→ **EXERCISE BRIEF**
Among the entries that follow, how many lines contain the string "America"? Answer with that number only.

[Dataset entries]
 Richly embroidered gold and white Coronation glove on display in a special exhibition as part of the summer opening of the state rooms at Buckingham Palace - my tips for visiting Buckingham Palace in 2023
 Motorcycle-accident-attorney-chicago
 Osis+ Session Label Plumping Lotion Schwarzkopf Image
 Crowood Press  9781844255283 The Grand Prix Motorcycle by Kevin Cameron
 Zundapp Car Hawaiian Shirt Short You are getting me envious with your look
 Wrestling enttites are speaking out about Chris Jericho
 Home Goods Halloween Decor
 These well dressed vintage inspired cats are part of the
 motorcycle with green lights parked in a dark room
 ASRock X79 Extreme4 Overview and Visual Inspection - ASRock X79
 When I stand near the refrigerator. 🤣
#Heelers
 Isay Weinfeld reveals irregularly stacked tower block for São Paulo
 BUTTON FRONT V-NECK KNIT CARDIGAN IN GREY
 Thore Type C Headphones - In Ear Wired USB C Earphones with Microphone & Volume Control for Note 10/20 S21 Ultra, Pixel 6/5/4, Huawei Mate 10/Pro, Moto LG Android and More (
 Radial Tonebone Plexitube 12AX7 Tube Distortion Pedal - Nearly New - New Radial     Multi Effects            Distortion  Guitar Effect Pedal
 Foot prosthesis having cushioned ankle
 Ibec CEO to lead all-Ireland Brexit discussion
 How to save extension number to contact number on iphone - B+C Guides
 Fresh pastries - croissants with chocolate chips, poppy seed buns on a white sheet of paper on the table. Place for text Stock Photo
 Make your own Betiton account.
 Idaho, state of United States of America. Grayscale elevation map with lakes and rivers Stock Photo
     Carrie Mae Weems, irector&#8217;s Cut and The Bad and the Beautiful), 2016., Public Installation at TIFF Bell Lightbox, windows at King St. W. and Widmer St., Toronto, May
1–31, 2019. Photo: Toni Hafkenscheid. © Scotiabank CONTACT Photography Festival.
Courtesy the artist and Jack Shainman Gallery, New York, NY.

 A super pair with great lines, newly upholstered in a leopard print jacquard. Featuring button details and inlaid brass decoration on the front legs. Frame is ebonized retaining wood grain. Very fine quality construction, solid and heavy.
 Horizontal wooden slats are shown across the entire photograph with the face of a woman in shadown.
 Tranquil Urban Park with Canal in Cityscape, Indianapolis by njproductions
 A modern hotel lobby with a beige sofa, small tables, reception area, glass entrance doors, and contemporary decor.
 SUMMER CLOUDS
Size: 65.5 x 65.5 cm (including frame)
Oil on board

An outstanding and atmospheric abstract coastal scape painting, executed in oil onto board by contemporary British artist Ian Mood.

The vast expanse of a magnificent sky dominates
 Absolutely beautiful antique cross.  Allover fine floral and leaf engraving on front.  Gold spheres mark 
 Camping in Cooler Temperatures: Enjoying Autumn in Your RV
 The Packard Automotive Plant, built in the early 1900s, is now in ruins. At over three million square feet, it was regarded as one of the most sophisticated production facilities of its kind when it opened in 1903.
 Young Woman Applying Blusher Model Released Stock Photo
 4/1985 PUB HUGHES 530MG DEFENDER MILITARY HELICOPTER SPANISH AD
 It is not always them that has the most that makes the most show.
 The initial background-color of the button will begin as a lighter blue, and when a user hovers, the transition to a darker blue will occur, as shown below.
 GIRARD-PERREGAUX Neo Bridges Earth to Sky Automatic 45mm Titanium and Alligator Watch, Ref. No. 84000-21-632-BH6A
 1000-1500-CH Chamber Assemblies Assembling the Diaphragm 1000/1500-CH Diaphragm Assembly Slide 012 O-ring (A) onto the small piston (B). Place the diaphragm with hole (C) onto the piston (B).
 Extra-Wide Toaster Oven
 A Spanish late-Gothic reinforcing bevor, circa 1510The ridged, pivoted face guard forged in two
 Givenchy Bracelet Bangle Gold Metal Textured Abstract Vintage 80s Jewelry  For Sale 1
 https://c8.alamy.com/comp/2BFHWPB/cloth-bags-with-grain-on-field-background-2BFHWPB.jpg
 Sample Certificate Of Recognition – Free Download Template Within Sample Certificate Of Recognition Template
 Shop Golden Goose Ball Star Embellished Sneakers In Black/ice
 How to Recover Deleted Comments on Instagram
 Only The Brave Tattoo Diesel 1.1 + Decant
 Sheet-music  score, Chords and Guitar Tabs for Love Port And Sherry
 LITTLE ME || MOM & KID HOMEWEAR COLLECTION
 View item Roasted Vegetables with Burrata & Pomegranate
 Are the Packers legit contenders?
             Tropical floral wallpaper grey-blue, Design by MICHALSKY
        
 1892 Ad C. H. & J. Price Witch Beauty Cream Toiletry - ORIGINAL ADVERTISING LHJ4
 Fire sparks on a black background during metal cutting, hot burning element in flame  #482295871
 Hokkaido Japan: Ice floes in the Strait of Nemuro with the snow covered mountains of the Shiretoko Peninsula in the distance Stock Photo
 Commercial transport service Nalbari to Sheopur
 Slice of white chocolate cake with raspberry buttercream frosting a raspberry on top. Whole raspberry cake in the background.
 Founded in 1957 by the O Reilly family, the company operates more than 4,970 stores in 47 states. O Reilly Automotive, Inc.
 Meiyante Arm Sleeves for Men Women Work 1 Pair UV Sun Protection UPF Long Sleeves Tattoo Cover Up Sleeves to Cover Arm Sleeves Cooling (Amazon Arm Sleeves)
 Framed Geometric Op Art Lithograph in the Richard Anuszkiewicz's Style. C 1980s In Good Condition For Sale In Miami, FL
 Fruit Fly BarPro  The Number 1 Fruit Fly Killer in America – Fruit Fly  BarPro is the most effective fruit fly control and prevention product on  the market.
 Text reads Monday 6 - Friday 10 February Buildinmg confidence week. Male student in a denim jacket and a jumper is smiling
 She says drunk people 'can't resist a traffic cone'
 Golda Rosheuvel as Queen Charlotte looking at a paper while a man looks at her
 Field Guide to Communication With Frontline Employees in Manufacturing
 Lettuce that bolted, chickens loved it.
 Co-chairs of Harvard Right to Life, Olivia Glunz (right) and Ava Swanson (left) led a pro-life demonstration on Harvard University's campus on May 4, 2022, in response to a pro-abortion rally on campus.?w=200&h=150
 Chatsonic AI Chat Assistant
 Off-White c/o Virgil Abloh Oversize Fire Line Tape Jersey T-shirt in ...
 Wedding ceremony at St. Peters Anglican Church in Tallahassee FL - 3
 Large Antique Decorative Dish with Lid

→ **RESPONSE BOX**
2